◆ Extracted data ◆
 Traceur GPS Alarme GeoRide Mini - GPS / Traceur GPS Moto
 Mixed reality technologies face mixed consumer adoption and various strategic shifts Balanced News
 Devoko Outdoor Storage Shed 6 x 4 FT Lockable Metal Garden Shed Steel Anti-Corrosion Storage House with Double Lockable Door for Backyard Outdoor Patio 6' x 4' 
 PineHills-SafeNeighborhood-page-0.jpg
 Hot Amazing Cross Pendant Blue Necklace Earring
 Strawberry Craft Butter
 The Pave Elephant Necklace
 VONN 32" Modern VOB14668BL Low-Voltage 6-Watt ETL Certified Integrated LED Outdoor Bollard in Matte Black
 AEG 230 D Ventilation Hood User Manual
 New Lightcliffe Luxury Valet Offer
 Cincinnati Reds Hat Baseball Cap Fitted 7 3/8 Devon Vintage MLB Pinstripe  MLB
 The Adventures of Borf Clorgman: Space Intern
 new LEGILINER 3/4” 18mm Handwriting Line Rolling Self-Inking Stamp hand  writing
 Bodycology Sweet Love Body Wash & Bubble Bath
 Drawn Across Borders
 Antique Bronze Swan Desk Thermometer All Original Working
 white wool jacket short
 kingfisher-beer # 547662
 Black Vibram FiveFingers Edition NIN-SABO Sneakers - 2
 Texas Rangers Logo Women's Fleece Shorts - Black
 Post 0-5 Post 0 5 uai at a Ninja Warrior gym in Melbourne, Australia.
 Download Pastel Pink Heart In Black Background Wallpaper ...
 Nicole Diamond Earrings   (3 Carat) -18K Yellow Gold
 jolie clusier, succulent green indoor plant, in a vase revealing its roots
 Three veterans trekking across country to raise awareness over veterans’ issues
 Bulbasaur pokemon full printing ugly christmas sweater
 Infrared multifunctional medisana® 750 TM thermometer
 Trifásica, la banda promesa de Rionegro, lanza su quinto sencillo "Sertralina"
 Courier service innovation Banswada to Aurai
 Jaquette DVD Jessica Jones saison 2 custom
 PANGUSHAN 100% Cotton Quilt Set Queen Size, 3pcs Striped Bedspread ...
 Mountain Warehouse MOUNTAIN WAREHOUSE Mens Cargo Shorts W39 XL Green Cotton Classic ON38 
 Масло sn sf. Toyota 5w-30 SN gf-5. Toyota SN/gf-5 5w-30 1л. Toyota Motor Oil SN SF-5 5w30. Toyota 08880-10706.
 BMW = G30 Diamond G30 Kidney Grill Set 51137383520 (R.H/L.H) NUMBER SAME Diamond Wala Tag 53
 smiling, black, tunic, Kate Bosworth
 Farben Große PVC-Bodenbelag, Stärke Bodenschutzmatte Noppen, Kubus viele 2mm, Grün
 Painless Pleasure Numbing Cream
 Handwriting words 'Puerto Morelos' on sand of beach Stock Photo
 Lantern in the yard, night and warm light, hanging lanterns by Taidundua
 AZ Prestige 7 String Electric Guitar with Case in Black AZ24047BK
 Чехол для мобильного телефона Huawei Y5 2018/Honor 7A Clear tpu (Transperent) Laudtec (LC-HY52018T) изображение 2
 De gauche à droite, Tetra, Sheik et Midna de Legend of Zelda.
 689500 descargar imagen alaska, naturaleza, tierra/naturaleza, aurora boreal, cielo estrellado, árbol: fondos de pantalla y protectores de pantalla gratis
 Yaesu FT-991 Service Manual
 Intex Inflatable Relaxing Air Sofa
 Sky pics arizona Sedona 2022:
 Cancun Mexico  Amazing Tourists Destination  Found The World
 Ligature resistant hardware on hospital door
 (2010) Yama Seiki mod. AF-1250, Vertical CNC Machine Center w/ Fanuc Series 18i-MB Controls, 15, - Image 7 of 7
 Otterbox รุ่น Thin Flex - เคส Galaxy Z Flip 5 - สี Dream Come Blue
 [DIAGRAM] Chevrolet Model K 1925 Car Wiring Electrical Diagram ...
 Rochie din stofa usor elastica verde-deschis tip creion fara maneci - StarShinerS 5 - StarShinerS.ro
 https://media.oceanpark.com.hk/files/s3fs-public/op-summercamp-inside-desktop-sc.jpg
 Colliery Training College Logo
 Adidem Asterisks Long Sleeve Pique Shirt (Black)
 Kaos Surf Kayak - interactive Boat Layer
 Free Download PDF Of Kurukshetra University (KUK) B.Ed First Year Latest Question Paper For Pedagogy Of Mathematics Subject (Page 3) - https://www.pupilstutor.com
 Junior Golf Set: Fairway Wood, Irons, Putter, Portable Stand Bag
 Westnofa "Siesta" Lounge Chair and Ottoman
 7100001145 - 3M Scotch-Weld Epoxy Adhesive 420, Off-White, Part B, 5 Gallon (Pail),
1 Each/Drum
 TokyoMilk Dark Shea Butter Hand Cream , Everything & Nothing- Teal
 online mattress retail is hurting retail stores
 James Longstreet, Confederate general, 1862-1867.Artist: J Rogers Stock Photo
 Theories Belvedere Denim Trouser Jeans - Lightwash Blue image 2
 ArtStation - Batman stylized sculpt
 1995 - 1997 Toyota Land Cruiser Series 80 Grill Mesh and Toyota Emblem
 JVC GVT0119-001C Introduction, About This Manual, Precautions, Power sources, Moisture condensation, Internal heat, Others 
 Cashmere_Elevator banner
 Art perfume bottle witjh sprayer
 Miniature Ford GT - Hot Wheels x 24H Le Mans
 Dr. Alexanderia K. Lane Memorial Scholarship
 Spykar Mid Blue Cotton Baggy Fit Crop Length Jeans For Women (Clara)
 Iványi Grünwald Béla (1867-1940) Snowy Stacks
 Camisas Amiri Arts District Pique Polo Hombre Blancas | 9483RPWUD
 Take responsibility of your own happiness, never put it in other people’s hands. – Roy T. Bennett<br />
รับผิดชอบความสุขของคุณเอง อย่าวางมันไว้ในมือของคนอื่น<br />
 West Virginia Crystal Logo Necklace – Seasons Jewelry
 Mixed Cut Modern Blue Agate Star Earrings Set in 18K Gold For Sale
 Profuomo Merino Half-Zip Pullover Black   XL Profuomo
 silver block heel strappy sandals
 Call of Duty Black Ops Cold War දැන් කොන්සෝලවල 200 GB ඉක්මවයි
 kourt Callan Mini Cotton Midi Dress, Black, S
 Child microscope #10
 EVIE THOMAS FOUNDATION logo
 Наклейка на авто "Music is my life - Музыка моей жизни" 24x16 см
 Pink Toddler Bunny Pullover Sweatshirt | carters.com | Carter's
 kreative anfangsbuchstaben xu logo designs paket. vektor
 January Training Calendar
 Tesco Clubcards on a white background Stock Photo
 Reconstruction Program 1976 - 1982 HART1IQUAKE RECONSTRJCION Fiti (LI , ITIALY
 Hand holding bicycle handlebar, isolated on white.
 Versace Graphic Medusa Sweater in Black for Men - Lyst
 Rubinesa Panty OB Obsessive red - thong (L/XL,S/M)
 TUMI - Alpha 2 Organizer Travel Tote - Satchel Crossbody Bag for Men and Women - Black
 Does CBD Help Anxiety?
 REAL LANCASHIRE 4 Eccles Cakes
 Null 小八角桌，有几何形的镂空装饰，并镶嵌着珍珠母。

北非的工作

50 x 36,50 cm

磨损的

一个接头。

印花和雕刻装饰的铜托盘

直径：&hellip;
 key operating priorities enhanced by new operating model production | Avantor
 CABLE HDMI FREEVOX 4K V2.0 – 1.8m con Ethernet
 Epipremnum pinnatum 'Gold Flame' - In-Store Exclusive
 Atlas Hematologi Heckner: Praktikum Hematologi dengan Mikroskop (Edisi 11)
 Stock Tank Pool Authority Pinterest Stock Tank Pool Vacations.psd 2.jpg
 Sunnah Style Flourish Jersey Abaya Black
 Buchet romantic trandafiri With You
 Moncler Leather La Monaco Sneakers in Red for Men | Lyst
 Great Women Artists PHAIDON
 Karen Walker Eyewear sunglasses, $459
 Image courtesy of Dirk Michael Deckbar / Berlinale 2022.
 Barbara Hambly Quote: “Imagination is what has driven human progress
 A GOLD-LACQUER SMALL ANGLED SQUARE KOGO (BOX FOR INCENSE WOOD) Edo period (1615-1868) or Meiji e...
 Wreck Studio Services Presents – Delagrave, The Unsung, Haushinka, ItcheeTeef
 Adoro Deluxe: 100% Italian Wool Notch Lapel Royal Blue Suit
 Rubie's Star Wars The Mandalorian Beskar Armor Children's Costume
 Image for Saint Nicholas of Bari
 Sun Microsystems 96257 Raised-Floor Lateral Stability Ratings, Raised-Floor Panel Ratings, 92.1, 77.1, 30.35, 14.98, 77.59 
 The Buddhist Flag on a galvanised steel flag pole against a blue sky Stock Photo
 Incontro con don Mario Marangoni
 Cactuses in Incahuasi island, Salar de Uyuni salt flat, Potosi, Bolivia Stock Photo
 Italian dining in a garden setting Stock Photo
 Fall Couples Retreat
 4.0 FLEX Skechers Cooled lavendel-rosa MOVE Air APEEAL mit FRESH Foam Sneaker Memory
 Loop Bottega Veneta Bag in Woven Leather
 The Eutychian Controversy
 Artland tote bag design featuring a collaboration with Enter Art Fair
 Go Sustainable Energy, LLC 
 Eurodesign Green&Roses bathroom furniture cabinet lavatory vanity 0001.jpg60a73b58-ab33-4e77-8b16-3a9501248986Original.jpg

◆ Task objective ◆
Up to and including the line with "PineHills-SafeNeighborhood-page-0.jpg", print every line of the material above, starting from its first line, exactly.

◆ Your response ◆
 Traceur GPS Alarme GeoRide Mini - GPS / Traceur GPS Moto
 Mixed reality technologies face mixed consumer adoption and various strategic shifts Balanced News
 Devoko Outdoor Storage Shed 6 x 4 FT Lockable Metal Garden Shed Steel Anti-Corrosion Storage House with Double Lockable Door for Backyard Outdoor Patio 6' x 4' 
 PineHills-SafeNeighborhood-page-0.jpg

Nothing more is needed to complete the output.